Segundo a autora, a iniciativa da distribuição surgiu da percepção de que muitos jovens curitibanos nunca tinham contato com obras que refletissem a sua realidade. “A literatura é uma tecnologia de liberdade”, costuma repetir. Ao enviar exemplares para escolas e bibliotecas, ela espera que os estudantes vejam na poesia uma chave para compreender o mundo e, ao mesmo tempo, questioná‑lo.
Encontros que despertam pertencimento
As atividades nas escolas são conduzidas por Mabelly Venson, educadora e produtora cultural. Ao longo de agosto de 2025, Mabelly mediou rodas de leitura em turmas do fundamental II e médio, propondo uma abordagem sensível: em vez de ler em silêncio, os estudantes discutiam os poemas em grupo, relacionando‑os com as próprias histórias. Ela relata que muitos alunos reconheceram nas páginas de A pele da pitanga experiências de racismo, exclusão ou invisibilidade que costumam ficar fora do currículo escolar.
Mabelly ressalta que a poesia abriu espaço para conversar sobre identidade e pertencimento. “Os estudantes se reconhecem nos conflitos, nas perguntas e nas imagens do livro. A poesia abre caminhos para falar de identidade, pertencimento e história de um jeito sensível e acessível”, afirmou à reportagem. A educadora também destacou que, em algumas escolas, os livros passaram a integrar clubes de leitura e projetos interdisciplinares, o que multiplicou o alcance da iniciativa.
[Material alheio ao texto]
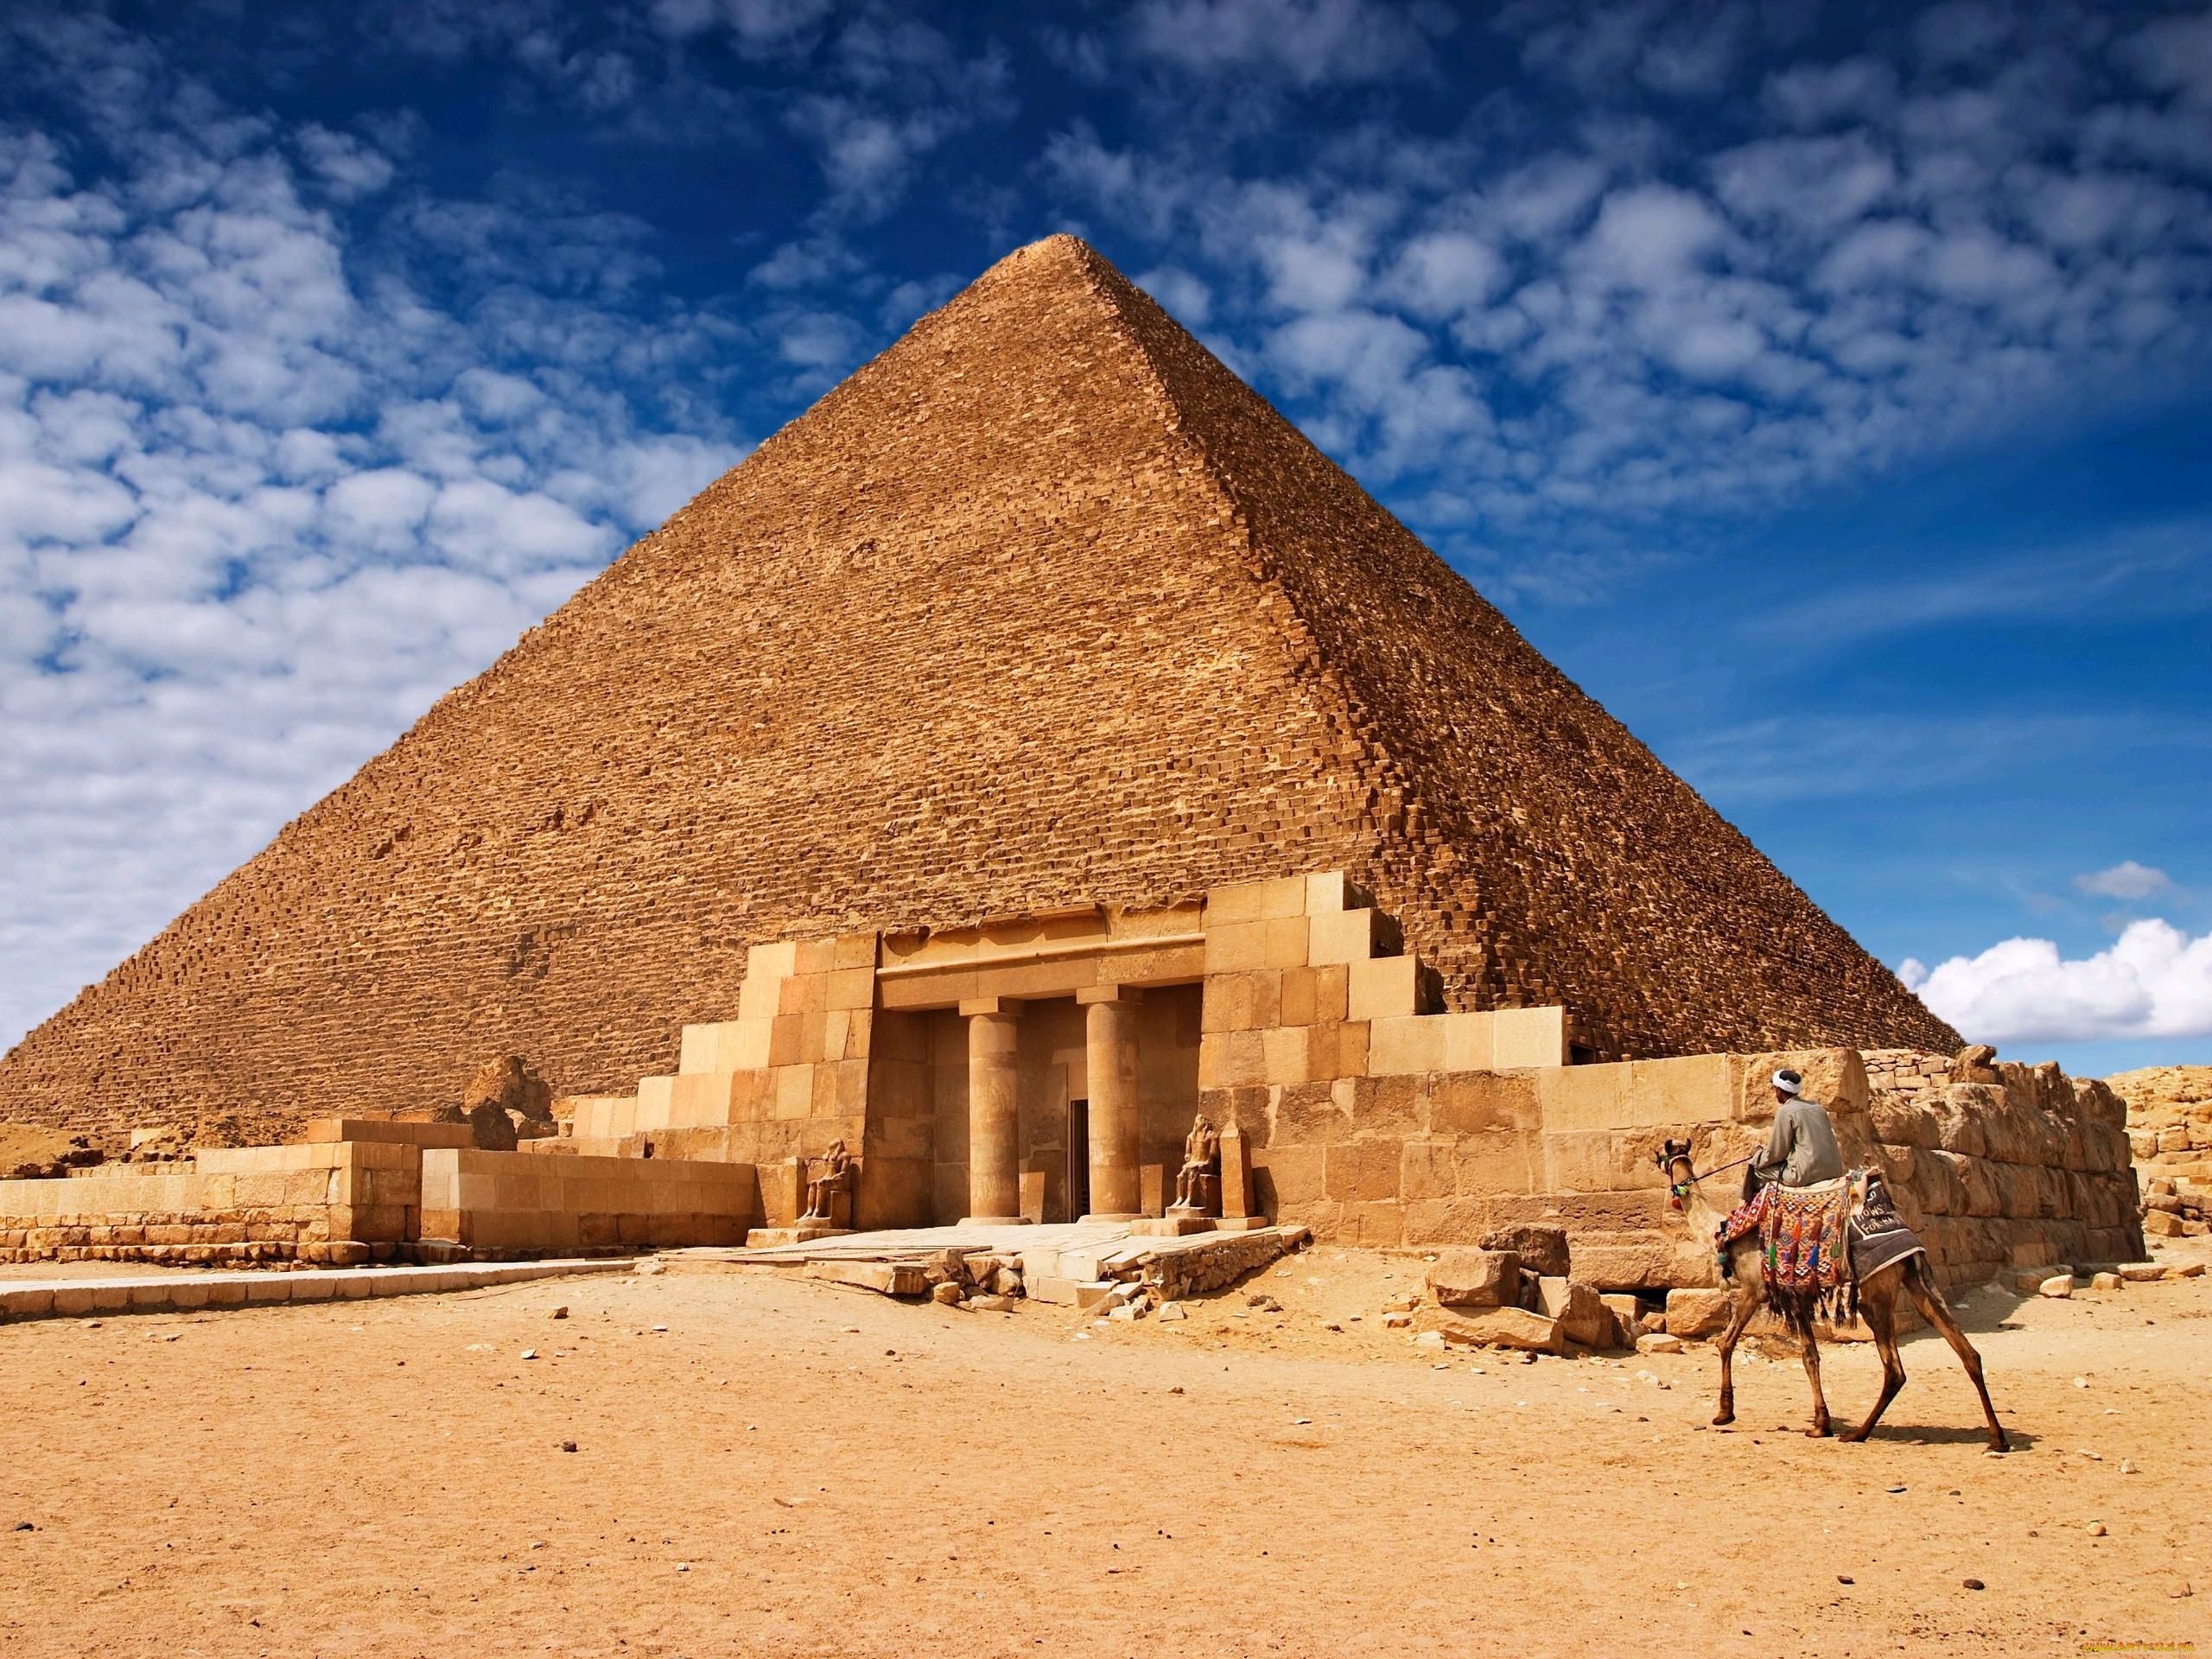 может слишком фотографии древнего египта это хаотичная посадка

Reconhecimento e impacto social
Jéssica Iancoski é conhecida por conciliar poesia com atuação social. Fundadora da TAUP, a primeira editora‑ONG do Brasil, ela já publicou mais de 2 000 autores e produziu mais de 1 500 poemas audiovisuais que somam mais de 1 milhão de acessos, além de ter sido premiada com o Candango de Literatura e o Sérgio Mamberti. A distribuição de A pele da pitanga amplia esse alcance: ao garantir que a obra circule gratuitamente, ela reforça o compromisso da editora com a inclusão e a bibliodiversidade.
Para muitas escolas, o projeto representou um contato inédito com um livro de poesia contemporânea que dialogue diretamente com a realidade dos estudantes. E, para Jéssica, é mais um passo no processo de transformar a literatura em ferramenta de emancipação social. “Não adianta publicar se os livros não chegam a quem precisa deles”, resume.
Serviço
- Projeto: Distribuição gratuita de A pele da pitanga (finalista do Jabuti)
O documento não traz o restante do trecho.